Evaluating Graviton 2 for data-intensive applications: An Arm vs Intel comparison

Blog

Engineering

Comparing the performance of Graviton-based systems vs x86 hardware for real-time event-driven applications.

ByTravis DownsonApril 5, 2022

Evaluating Graviton 2 for data-intensive applications: An Arm vs Intel comparison

Introduction

Since the emergence of large cloud hosting providers such as Amazon’s EC2, x86 processors have been virtually the only game in town. Alternative server CPU architectures such as IBM’s POWER and Oracle’s SPARC exist, but they have had little impact in commodity cloud hosting.

Amazon changed that dynamic when it decided to offer Arm architecture chips on their Elastic Compute Cloud (EC2) service. Arm chips, which have grown up from use in much smaller devices such as mobile phones, are now available to run your heaviest workloads.

We are data fanatics. Our customers build data-intensive applications that ingest gigabytes of data daily using Redpanda. So we were naturally curious to see if these instances are competitive with x86 architecture instances when it comes to hosting data-intensive applications.

In this post, I explore this question in detail.

What is Graviton?

Launched at the end of 2018, Amazon Web Services' Graviton processor was notable as one of the first and only non-x86 CPU offerings by a large cloud vendor. The initial Graviton 1 chips (in the a1 instance types) offered good price-to-performance for workloads that could be ported to Arm. This was in spite of the fact that the maximum machine size was limited (a1.4xlarge with 16 CPUs and 32 GiB of RAM), the available instance shapes were limited to the a1 type (roughly equivalent to "General Purpose" x86 instances), and single-threaded performance was considerably lower than contemporary x86 offerings. While this release gave us a taste of what the Graviton family had to offer, the real meal would come later in 2020 with the release of the second-generation Graviton 2 chips.

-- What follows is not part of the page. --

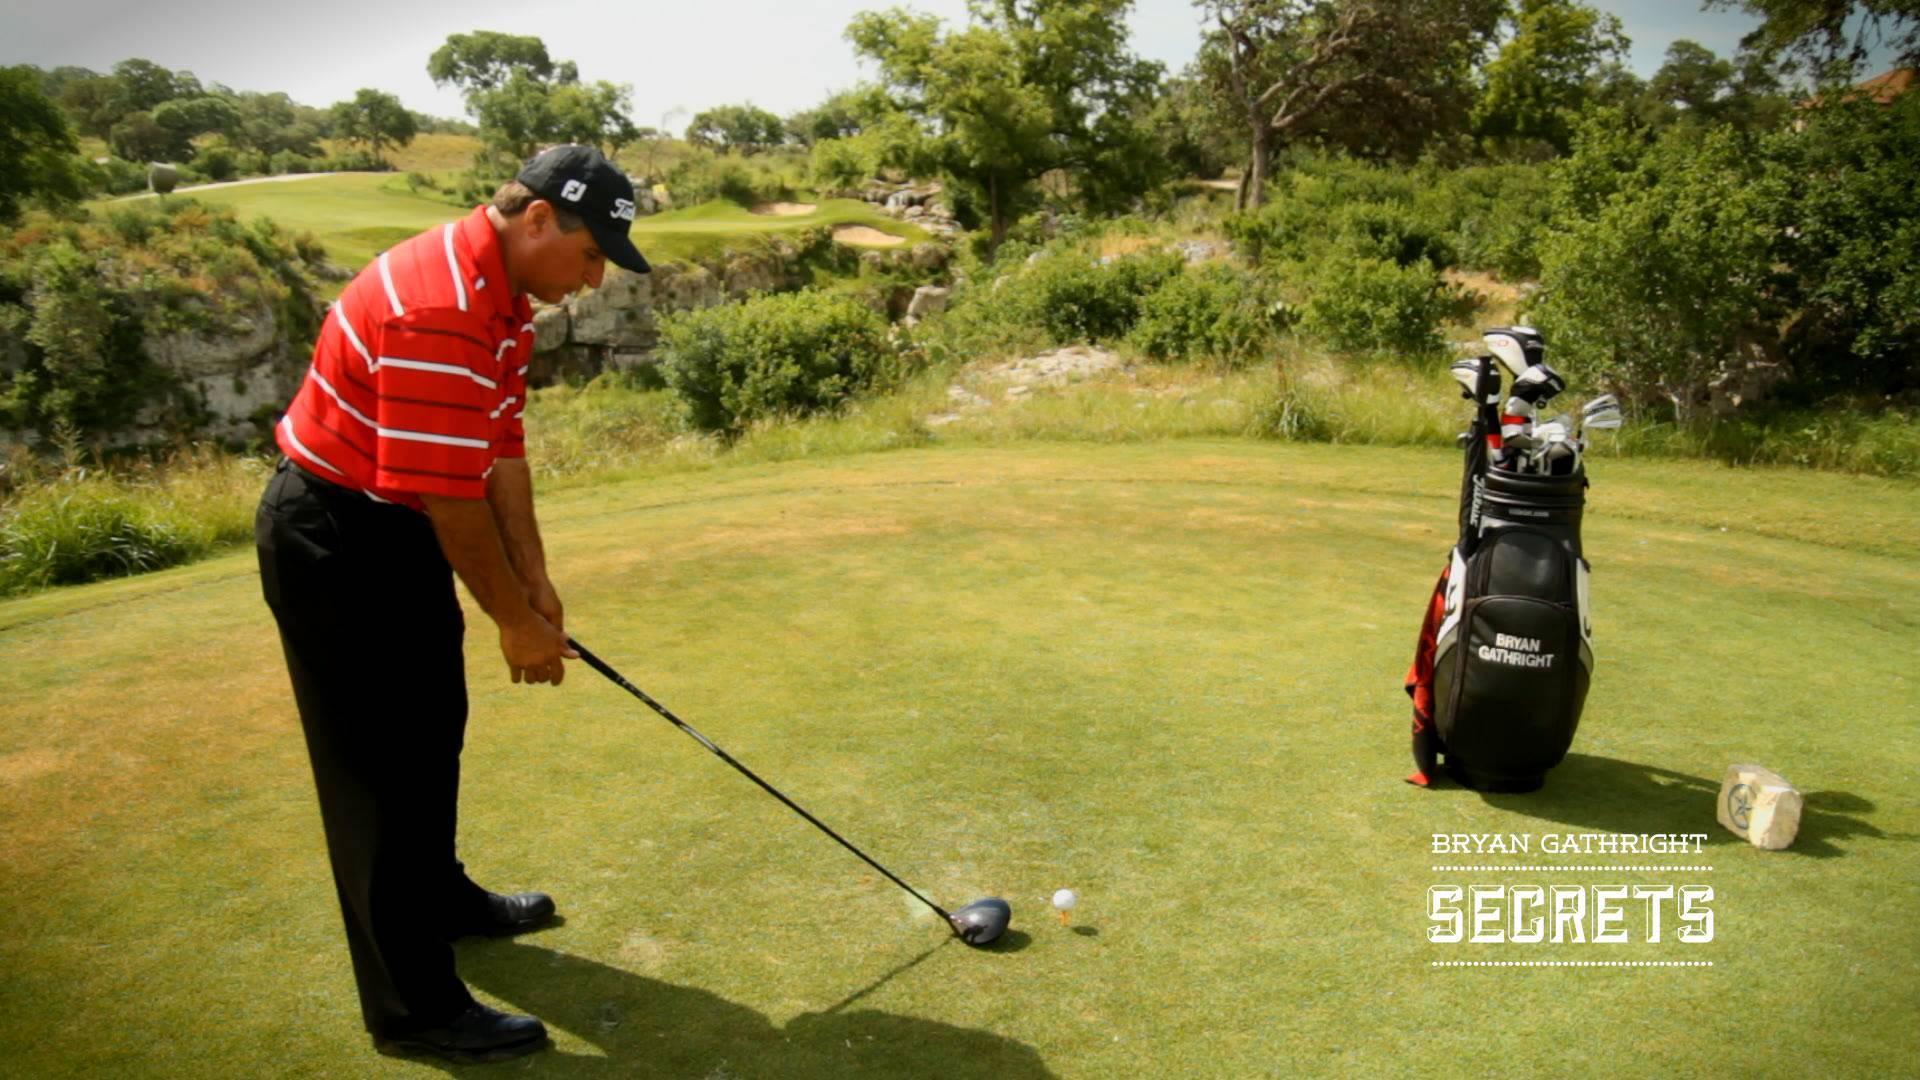 Keep Your Head Down is Major Golf Swing Error - Secret #7

If the initial Graviton was Amazon dipping its toes into the CPU pool, Graviton 2 was a cannonball from the highest diving board. Available around mid-2020, Graviton 2 was a significant leap over its predecessor. It had better than 50% per-core performance and, more importantly, much larger and more varied instance types, with up to 64 cores and up to 512 GiB of RAM. Many testimonials followed Graviton 2’s release, showing that these Arm-powered instance types offered a significant boost for price/performance over x86 instances.

Recently, Amazon introduced additional storage-focused Graviton 2 instance types: Is4gen and Im4gn with attached NVMe SSD storage. The Is4gen instances have the same CPU count as an Im4gn instance of the same size, but twice the storage and 50% more memory. These instance types target similar workloads to the storage-optimized I3 and I3en x86 instance types.

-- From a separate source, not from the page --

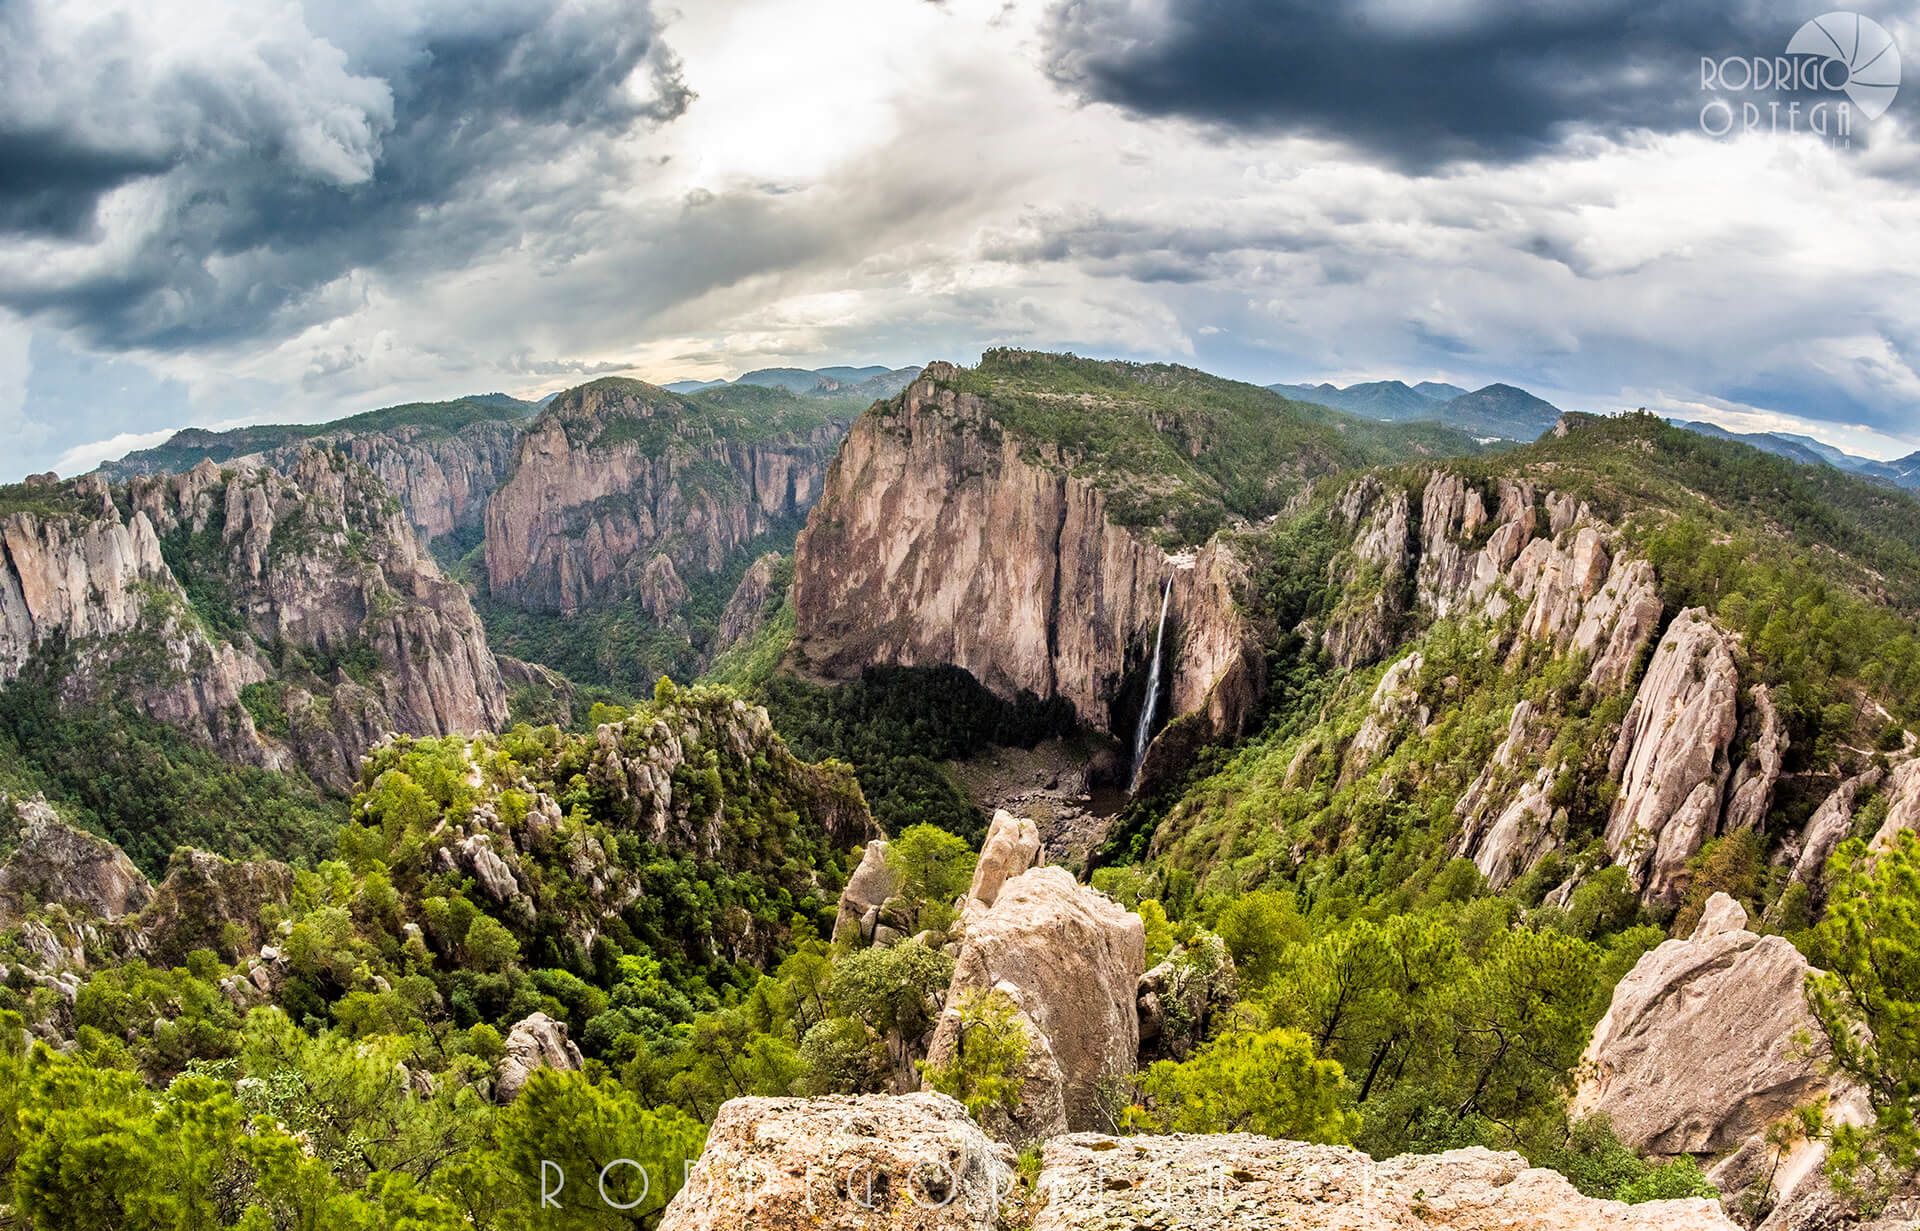 Parque nacional Cascada de Basaseachi, Chihuahua

We are interested in the performance of these new Arm instance types for data-intensive services such as Redpanda: how do they stack up to the x86-based instances? To answer this question, we present a comparison of the Arm and x86 storage optimized instances on EC2.

What is Redpanda?

Redpanda is a developer-centric modern streaming data platform that is API-compatible with Apache Kafka®. An important goal that we set for ourselves was to allow our customers to use Redpanda on any platform of their choosing. We released Redpanda on Arm in 2021 and you can build it from source or install it from pages following the instructions on GitHub.

Redpanda relies heavily on disk performance, particularly disk throughput and durable write latency, so it makes for a good target for investigating Graviton instance types.

Porting your software to Arm

The value proposition offered by a switch to Arm-based servers is most obvious in the case of software built on an intermediate layer. Software running on the Java virtual machine, the .NET platform, using a JavaScript engine, or an interpreted language like Python, Ruby, or Lua may not need any porting work at all. Once the underlying runtime for these languages is available on Arm, you can expect your code to “just work.”

If your application is like Redpanda, which is a compiled-to-native binary written in C++ and uses dozens of native third-party libraries, this might be tricky. To run our code and the entire constellation of dependencies, it must be recompiled and perhaps ported to Arm.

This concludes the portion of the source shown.